Argument | type | Description |
---|---|---|
h_max | double | first step value. in days |
tolerance | double | (=0.2 by default), tolerance ratio on step (1.0 for 100%). |
diseaseKwargs | Dictionary | The parameters for the DiseaseSimulation. |
From a set of data, find the best parameters (optimize time step in each iteration).
Argument | type | Description |
---|---|---|
h_max | double | Step In days, default = 0.01 |
parameters0 | A first estimation of CONTAGIOUS_RATE, RECOVERY_RATE and MORTALITY | |
data | [(day, infected, recovered, dead)[0], ...] | |
h_tolerance | default=0.1 | Tolerance ratio for the time step fitting |
data_tolerance | default=0.1 | Tolerance ratio for the model with the data |
Returns: The most upgraded parameter sets and time step achieved.

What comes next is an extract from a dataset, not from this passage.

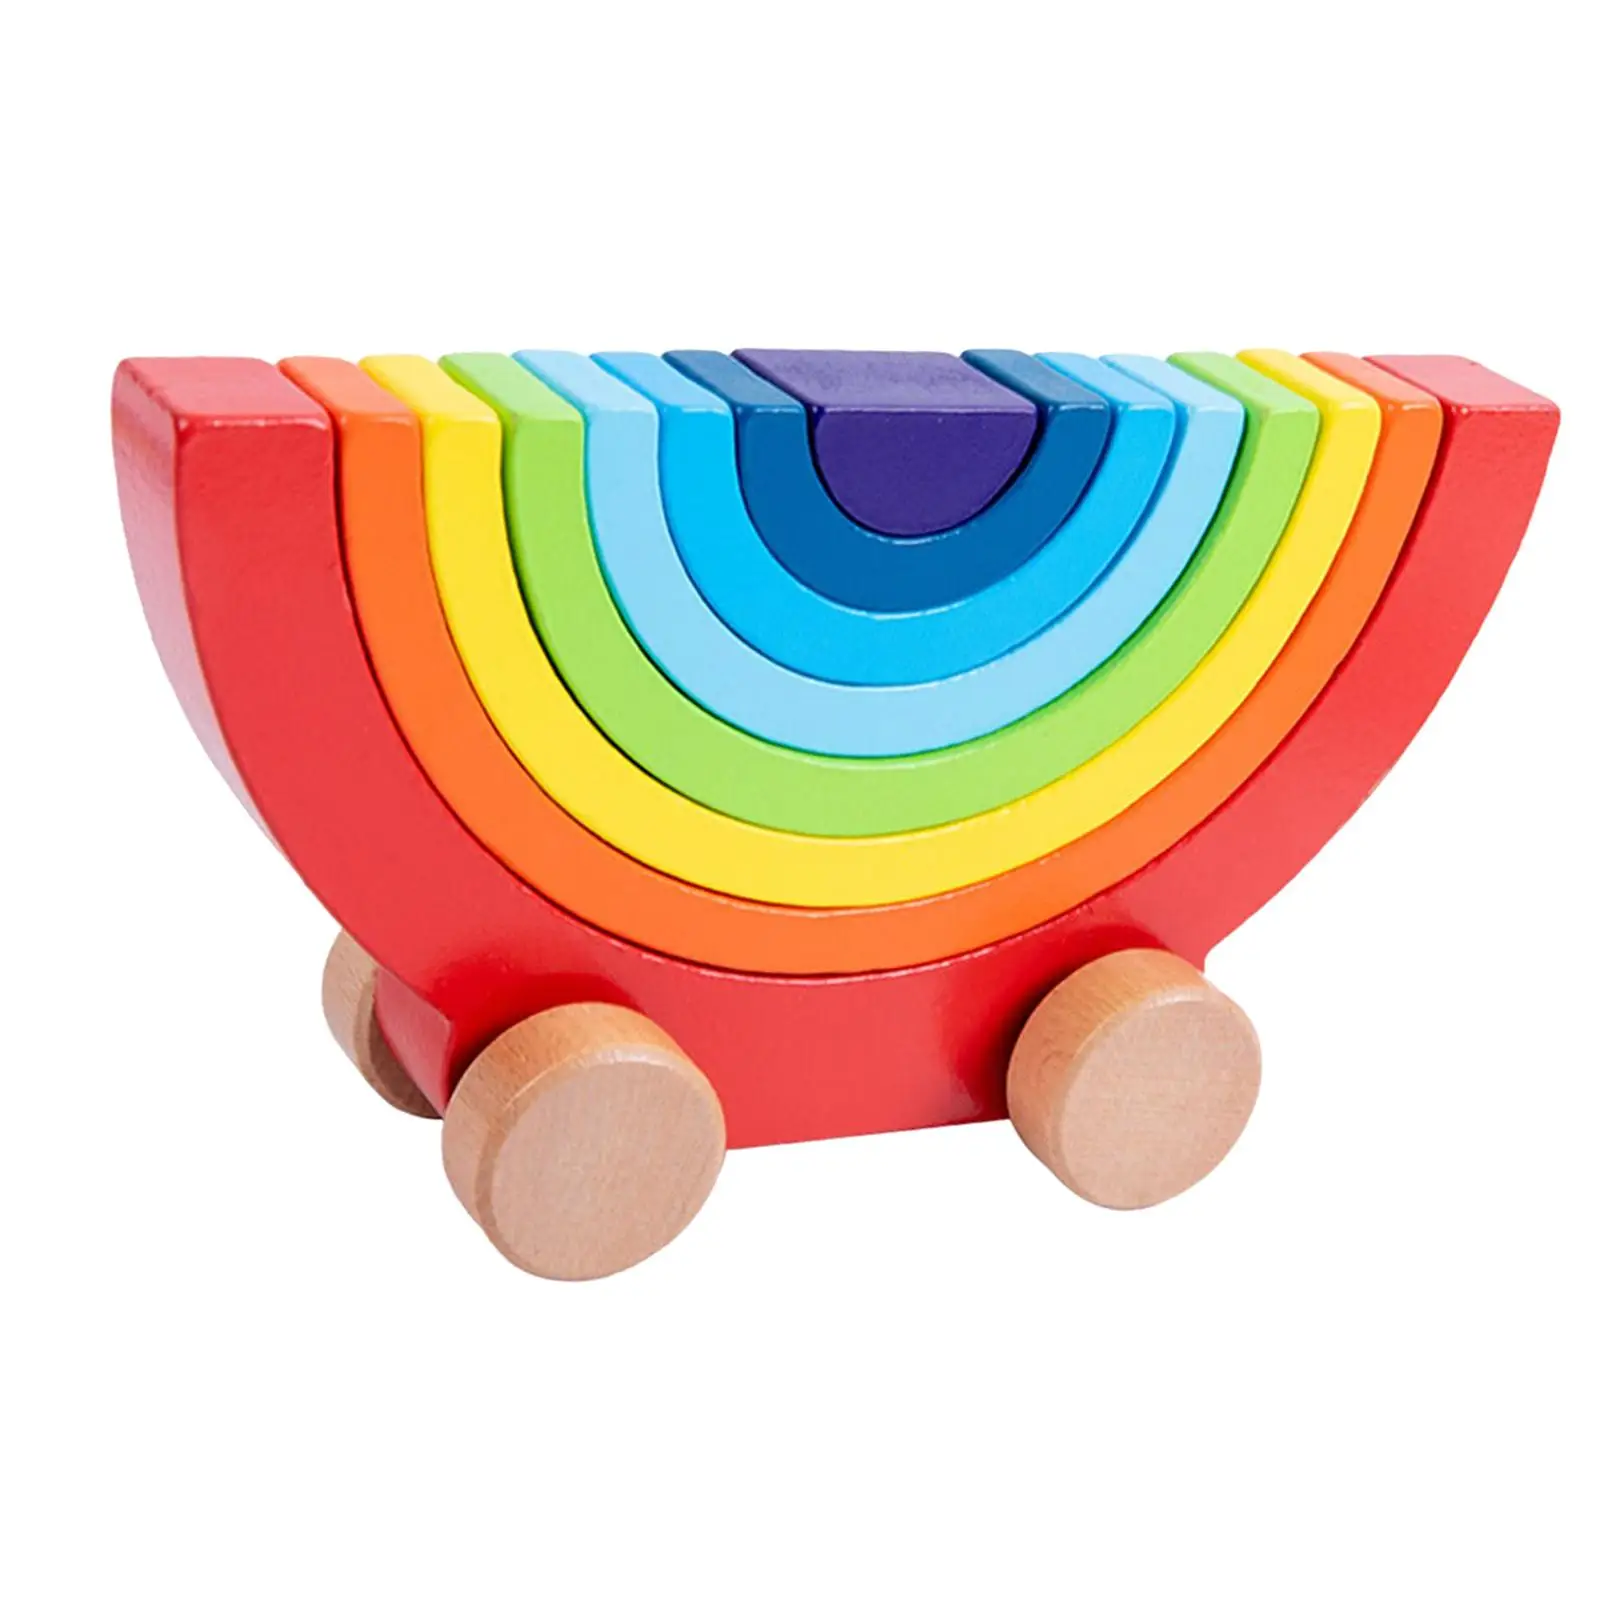 1 Set Wooden Building Blocks Car Toy Stacking Puzzle Gift Development Colorful

The start point of time will be set as the first day of the data to simplify some of the adjustments. The process consists in:
- Set up the first elements for t, infect, ... with the first data row.

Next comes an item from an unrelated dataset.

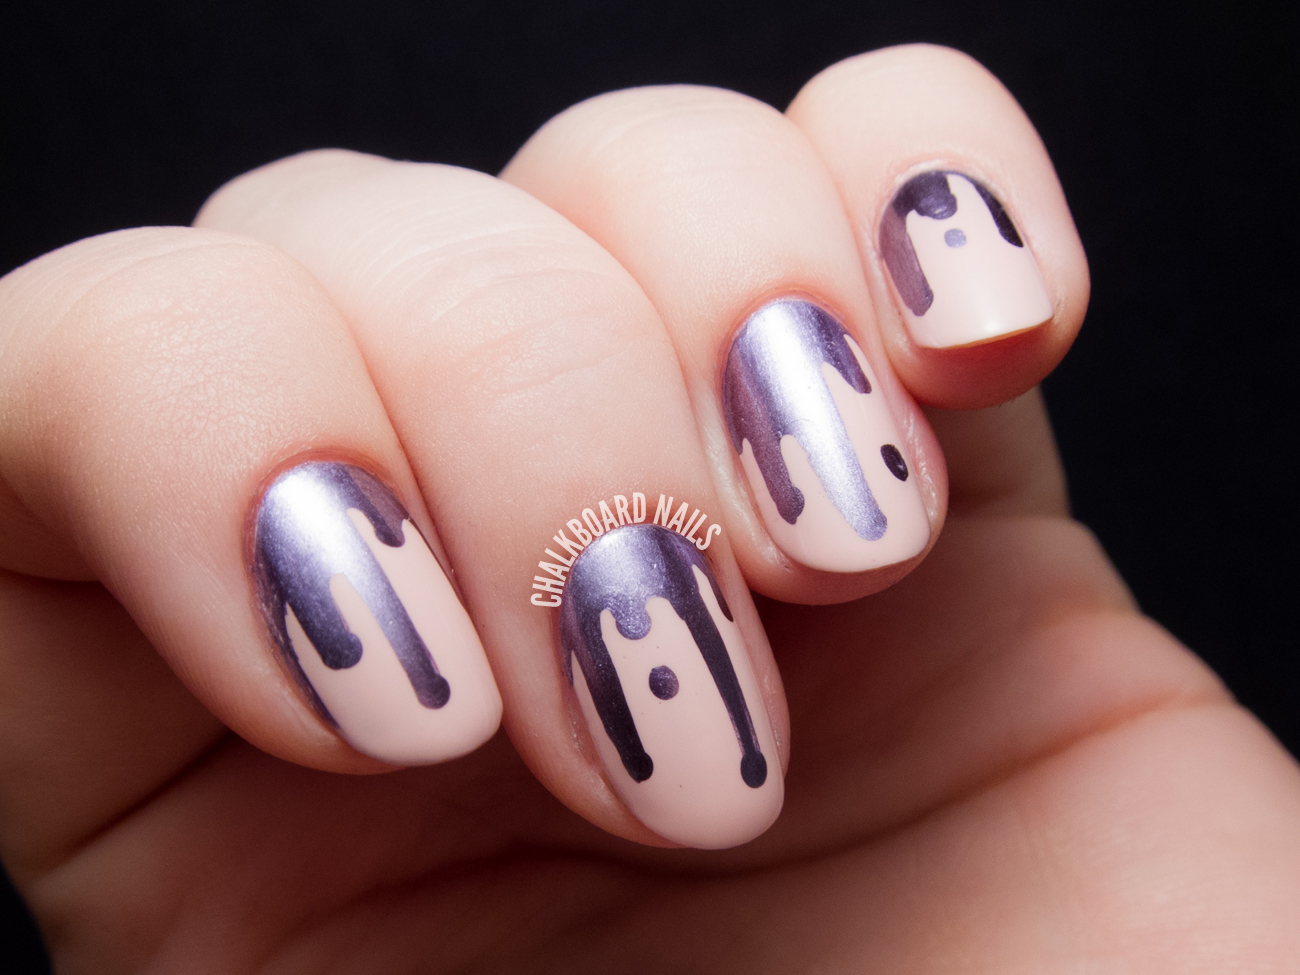 2. Cool Drip Nail Art with Black Background - wide 2

- Adapt the time step (stepOptimizer)
- Calculate the difference between the data and the model(with time step optimized) in t_data time. For equations of
- Death → M
- Recovered → RR
- f(RR, M ,N, Infected) → CR
- Calculate the step for each parameter as a difference data normalized by the minimum(difference), and get a new value form the median for all data. See function
optimicers.paramStep()
. - check an arbitrary value of tolerance, return the parameters and t_step if it's exceeded.

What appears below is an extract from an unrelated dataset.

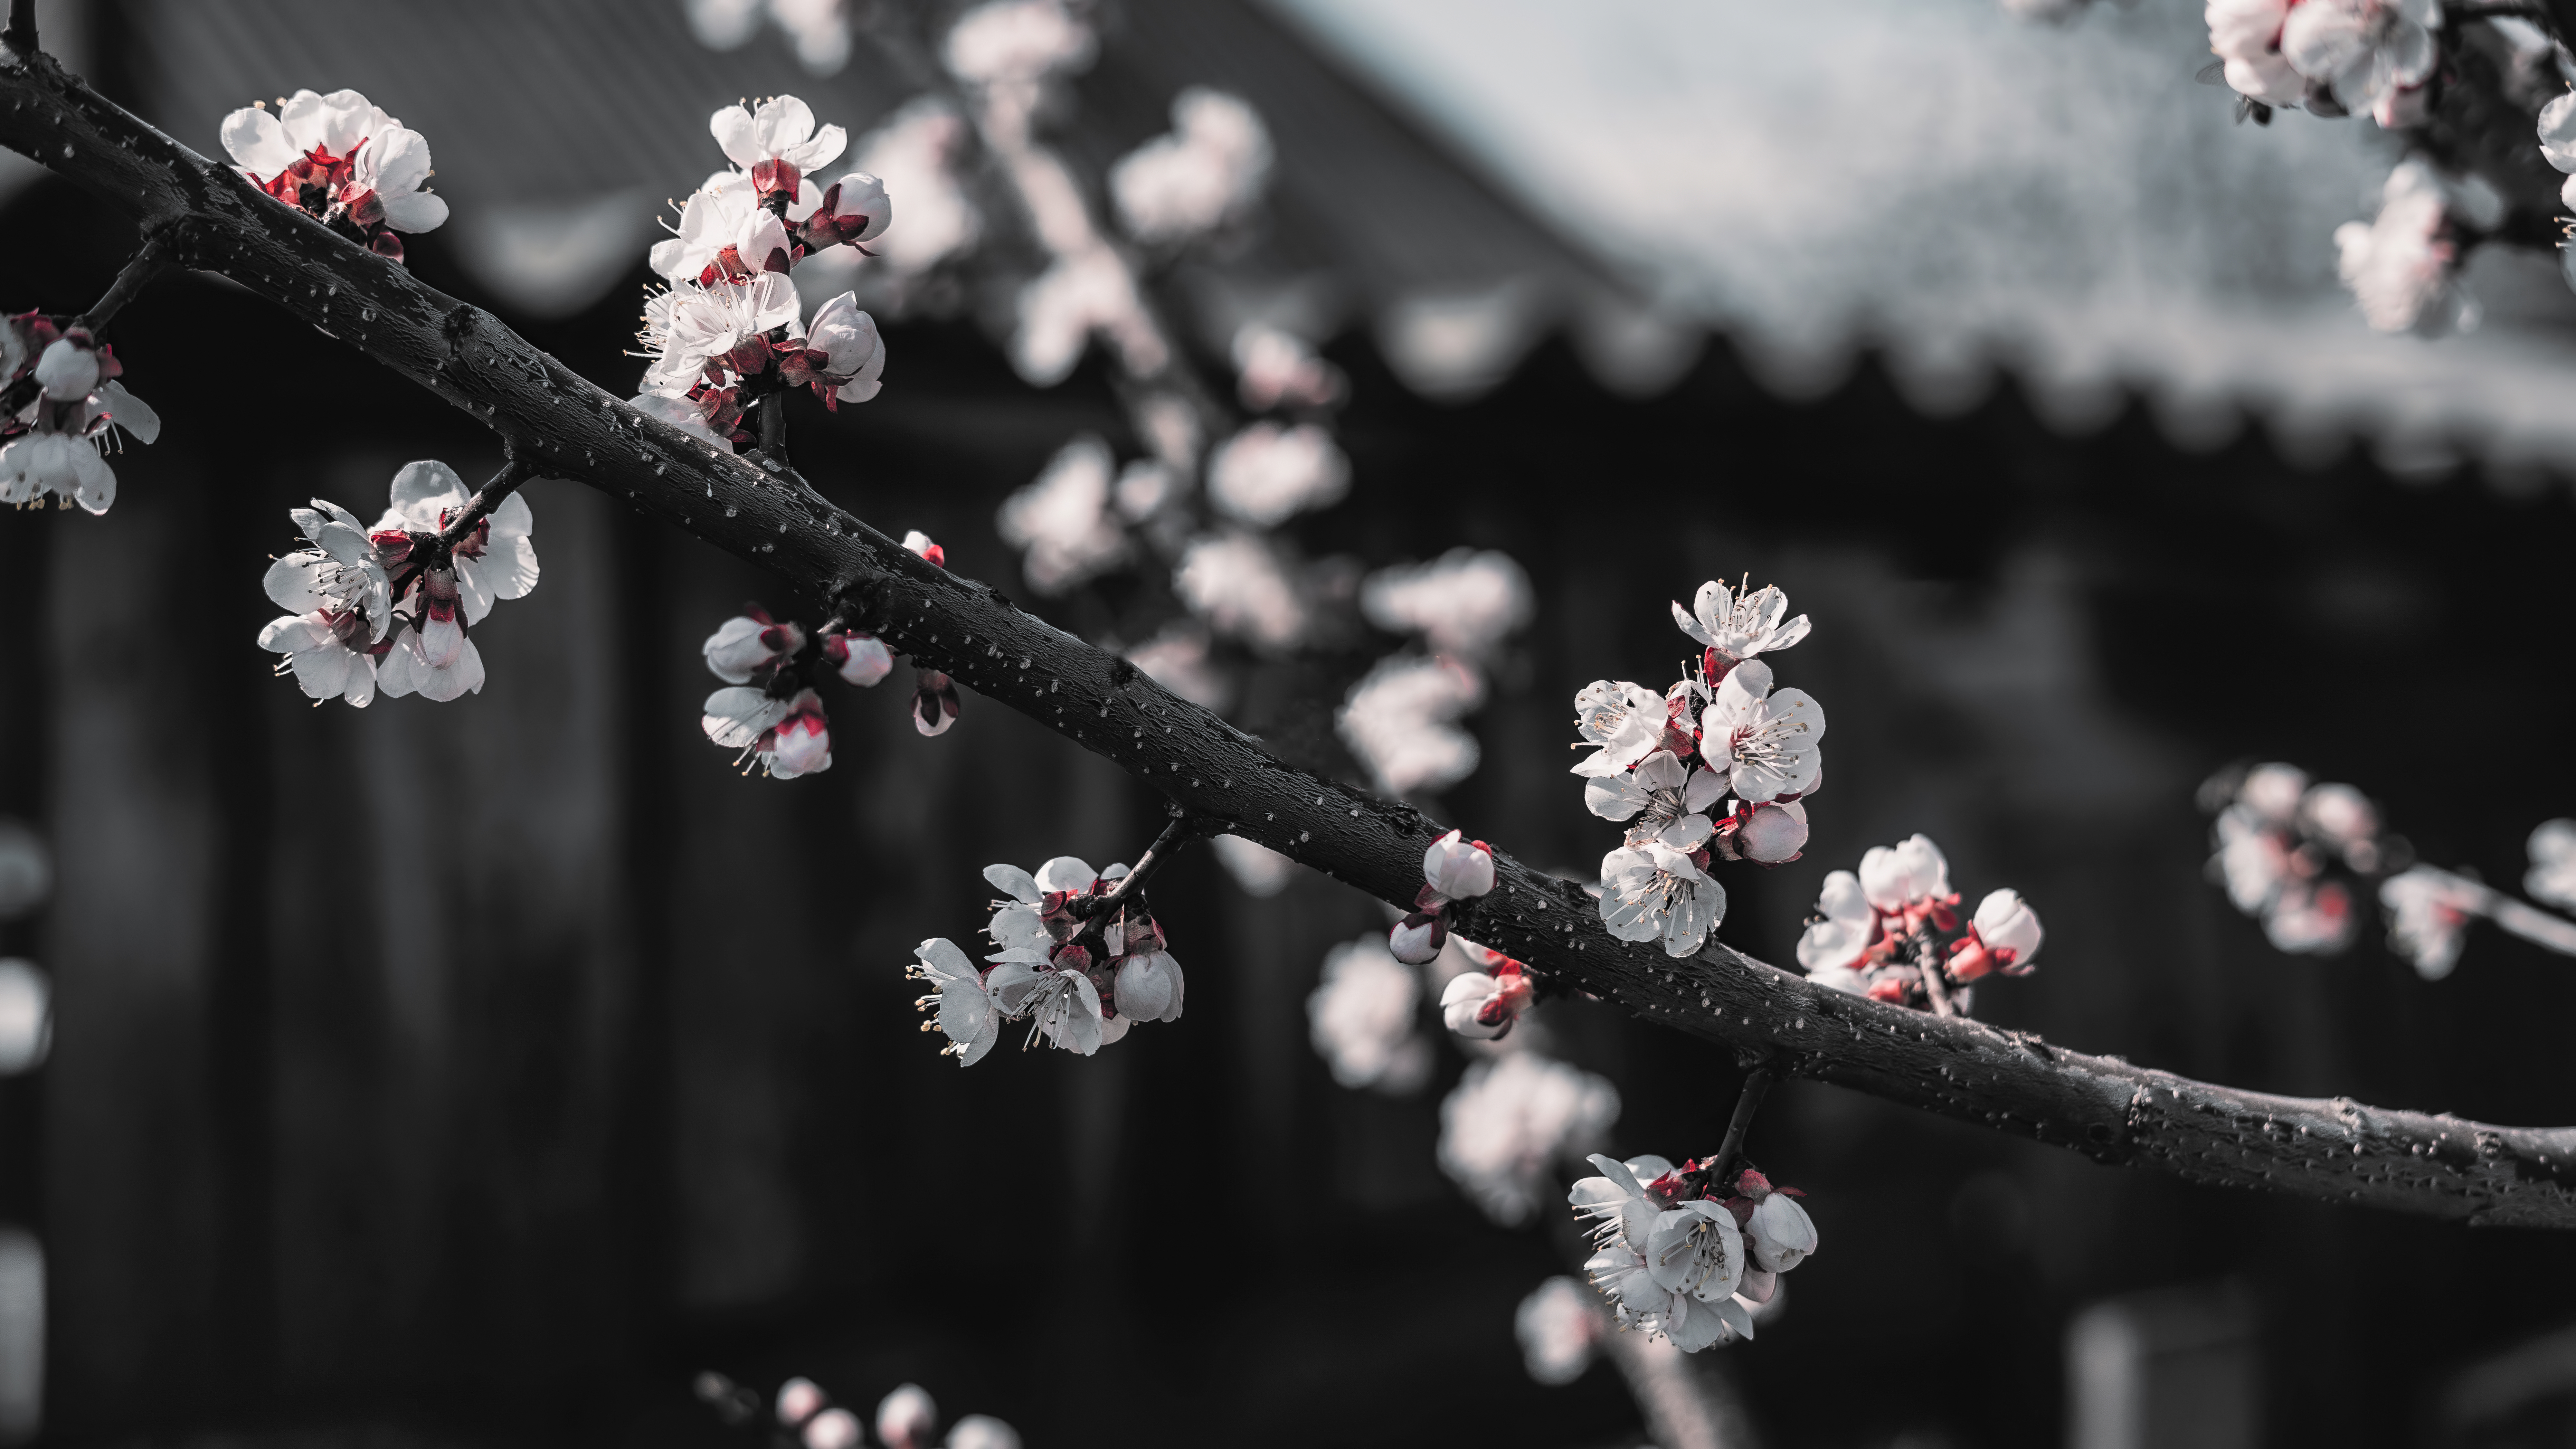 General 8000x4500 cherry blossom red black white selective coloring branch macro

After then, the the evolution of the results is given as well as a run with graph for the best approximation. Example Given these values for Madrid, lets run the program:
days (starting from 17=13-3-2020) | infected | recovered | dead |
---|---|---|---|
17 | 1990 | 1 (??) | 81 |
20 | 4165 | 474 | 255 |
23 | 6777 | 498 | 941 |
26 | 9702 | 1899 | 1022 |
After 60 iterations, the parameters result:
=================================================================
*** DISEASE SIMULATION, SIR MODEL: INPUTS ***
-----------------------------------------------------------
time step: 0.005 [days]
days: 200 [days]
N_population: 6550000 [persons]
contagious rate: 0.2760 [1/ persons day]
recovery rate: 0.0337 [1/ days]
Considering People Die: True
Mortality: 2.2538 %
Considering [1] groups of recovery
R0: 4.9112 R_effective: 4.9096
Analytical Max Infections: 3094055
=================================================================
The value of the mortality went half underestimated if compared with the estimation in Spain (see below results of fitData.py for the same period), the value of contagious rate is quite overestimated (3.6 times the empirical value). The recovery rate (the inverse) fit quite well with the average value of recovery: oftenly 2 weeks, 3-6 week when complications. (1/0.0336 = 29.8 days = 4.25 weeks
)
SPAIN data from [2020-03-17] to [2020-03-26]
-----------------------------------------
Infect Rate: 0.0759 abscI: 54.9212
Death Rate: 0.1075 abscD: 0.2393
Mortality: 0.0568 +/- 0.0109
2020-03-28 : infected= 84633.0
2020-03-28 : death= 7833.0
The result for the model gives a maximum of 3092553 infected on the 61_th_ day:
As we can see, if we use 4 static (and independent) parameters, the prediction is quite apocalyptic and not reliable. In reality, these parameters depends on the system and vary with the time, specially the contagious rate, which is dependent on the number of contacts (drastically reduced with the generalized quarantine).